Like it or not, the entire system is stacked against minorities in ways that aren't even obvious or noticeable from a position of privilege. I work as an engineer in an office of 120 people in the East Bay. There are three black people working in the office. One of them is the receptionist. If we assume that there are no racial differences in technical ability, then the demographics of my office should roughly mirror the demographics of the surrounding community. Oakland is 28% black (according to the 2010 census), meaning in a fair, unbiased system we should have roughly 30-35 black people working in the office. I am sure that no hiring manager has set out to exclude black people from their postings, but there are centuries of history and deeply ingrained biases that have led to a severe under-representation of African-Americans in this industry, same with every other minority.

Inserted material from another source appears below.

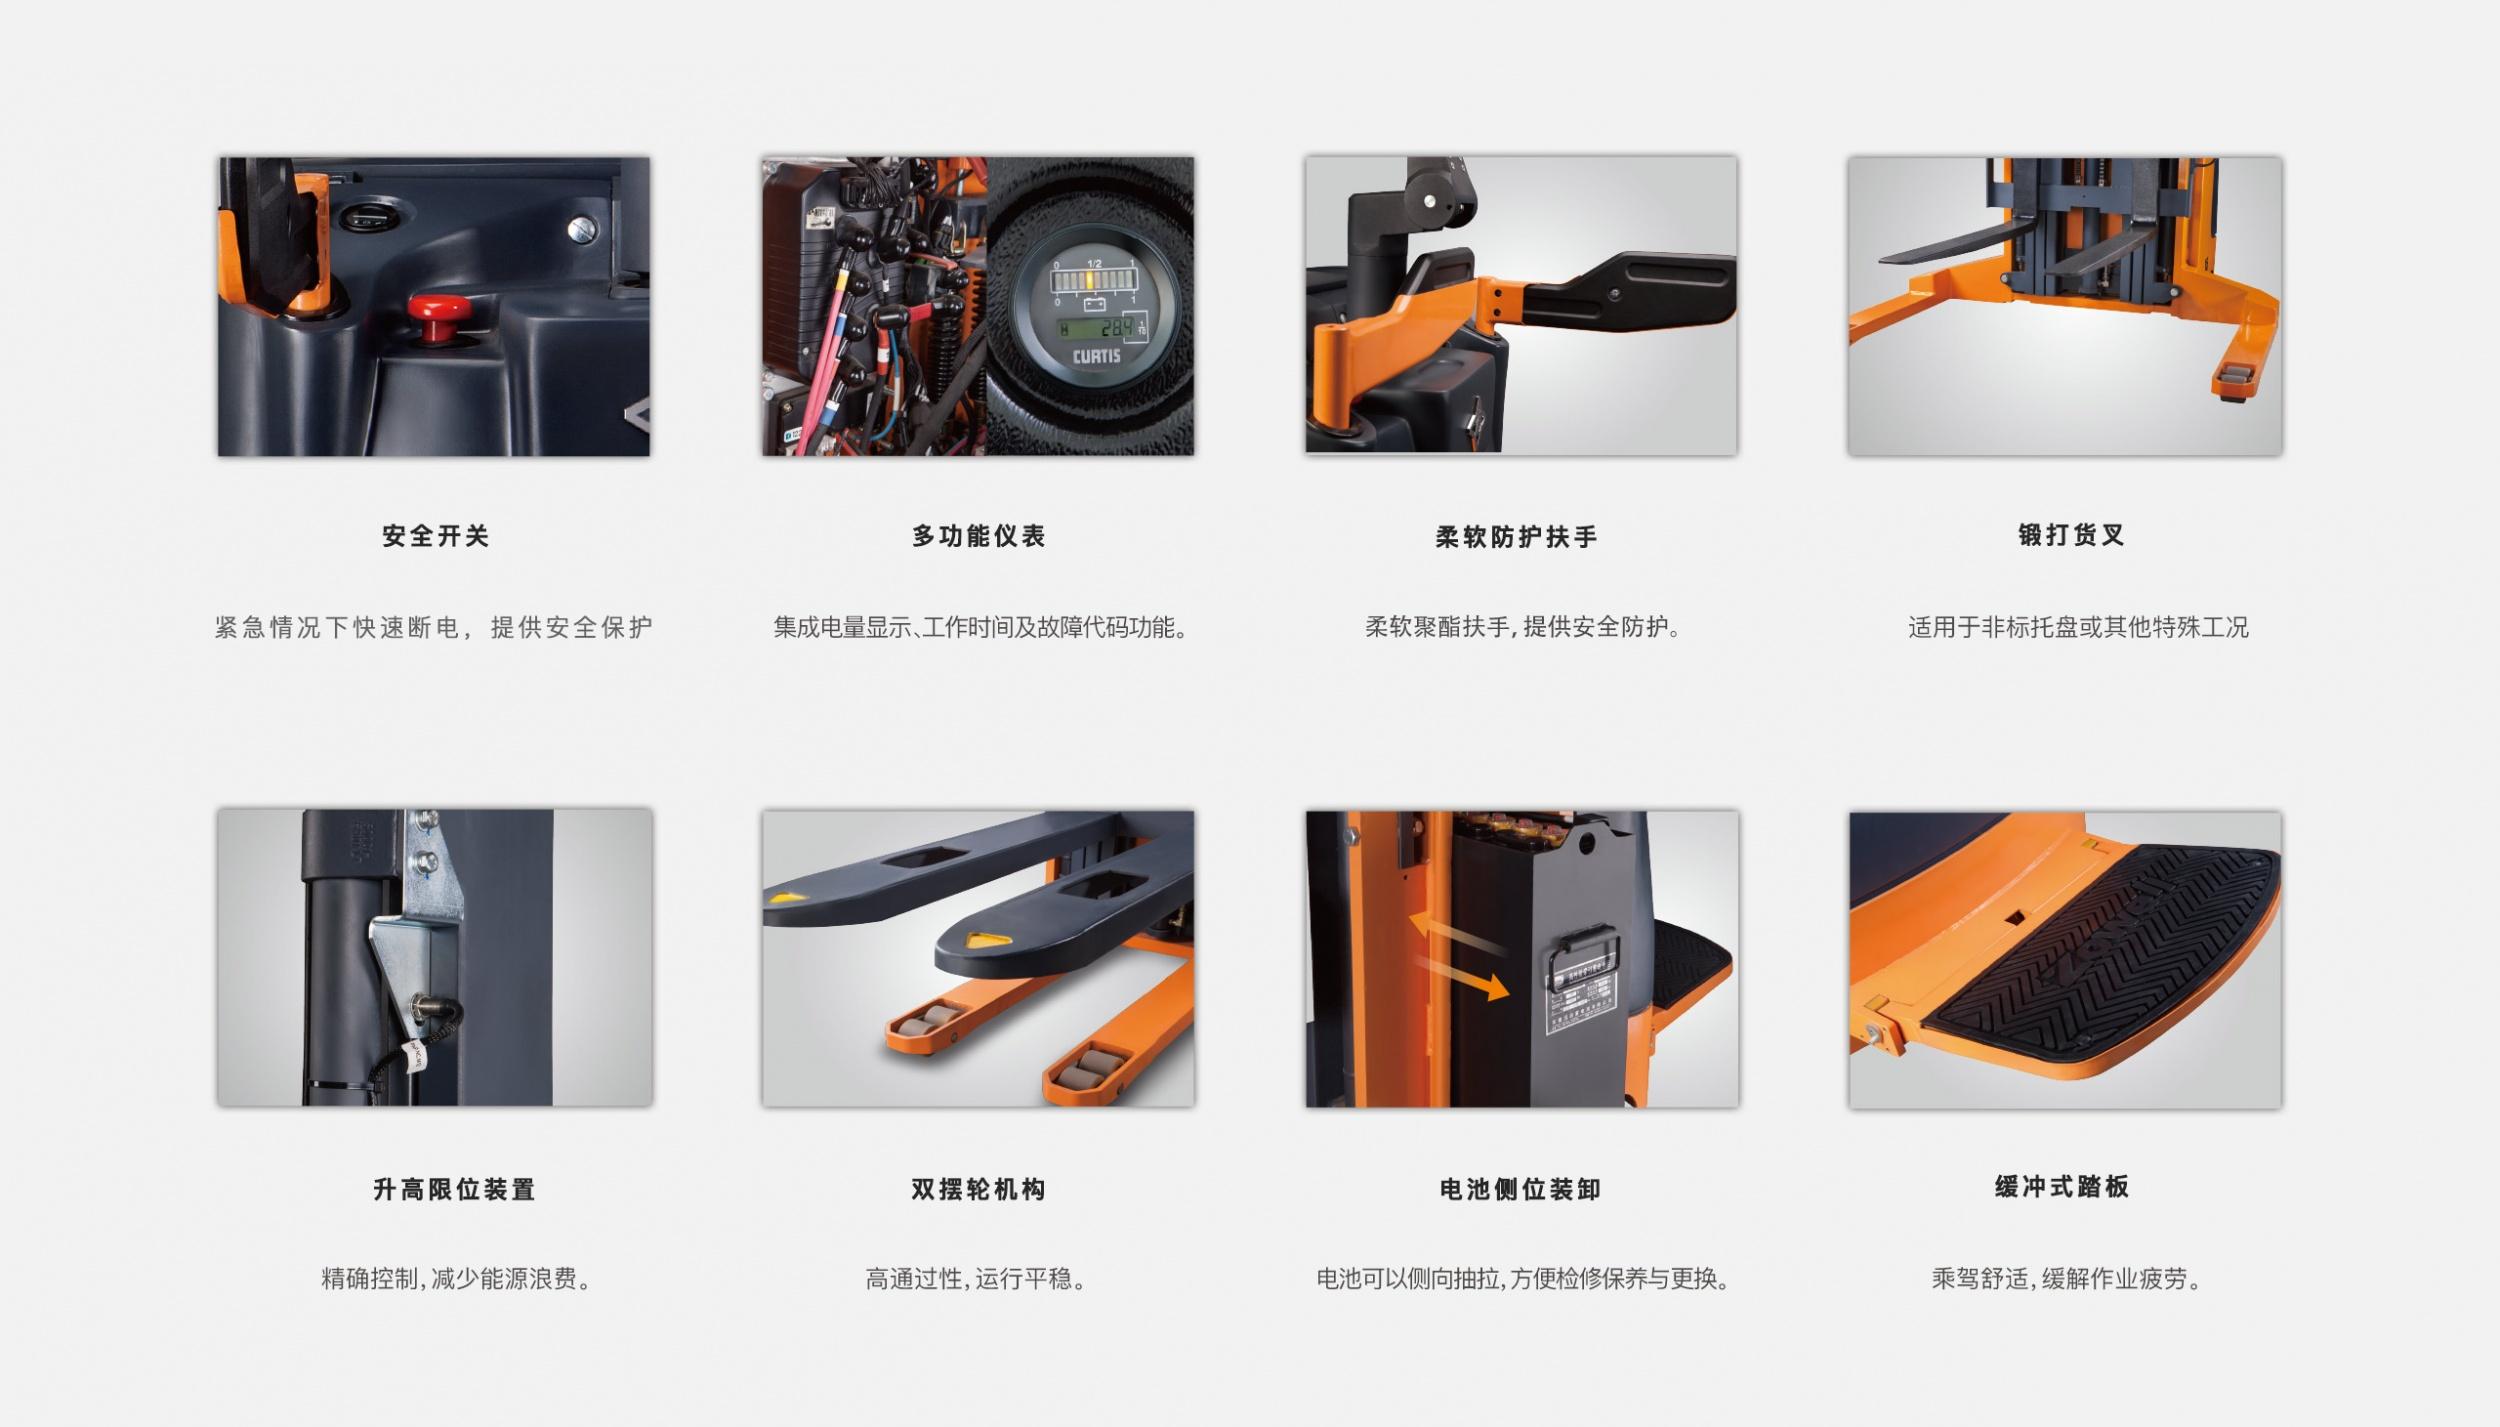 XEK电动托盘堆垛车局部图

Until we are truly operating on a level playing field, I am 100% in favour of scholarships based on giving under-represented minorities more opportunities. It is not discrimination to exclude white men from these scholarships. It is recognizing the centuries of privilege we have had and saying that we want give other people the opportunities we have be given simply by existing.

6 comments

Also not obvious or noticeable from a position of privilege: many, many white men have no opportunities or privilege and thus are discriminated against for simply being the same race and gender as a very thin slice of upperclass society.
While it is true that many white men come from a background where, for any number of reasons, they are not afforded the same opportunities as, say, a white boy from Cupertino, they are still given opportunities and privilege because they were lucky enough to be born a white man. I know this first-hand because I grew up in a rural farming community in Vermont that was more than 95% white and poverty-stricken. Of course, not everyone in my community went to university, but when I did, no one questioned whether I belonged there because I was still a white man. Now that I have a doctorate and work at a big tech company, no one questions whether I belong here either. The same can not be said for a Hispanic or African American man (or even a white woman) who is in my position.
Unfortunately, an inevitable result of AA-type hiring is that everyone--including the candidates themselves--will wonder whether people hired this way are really up to snuff. You can censor, but you can't stop people from reasoning internally.
Were you part of the poverty stricken population? My experience has been poor white people are not accepted by our professional community.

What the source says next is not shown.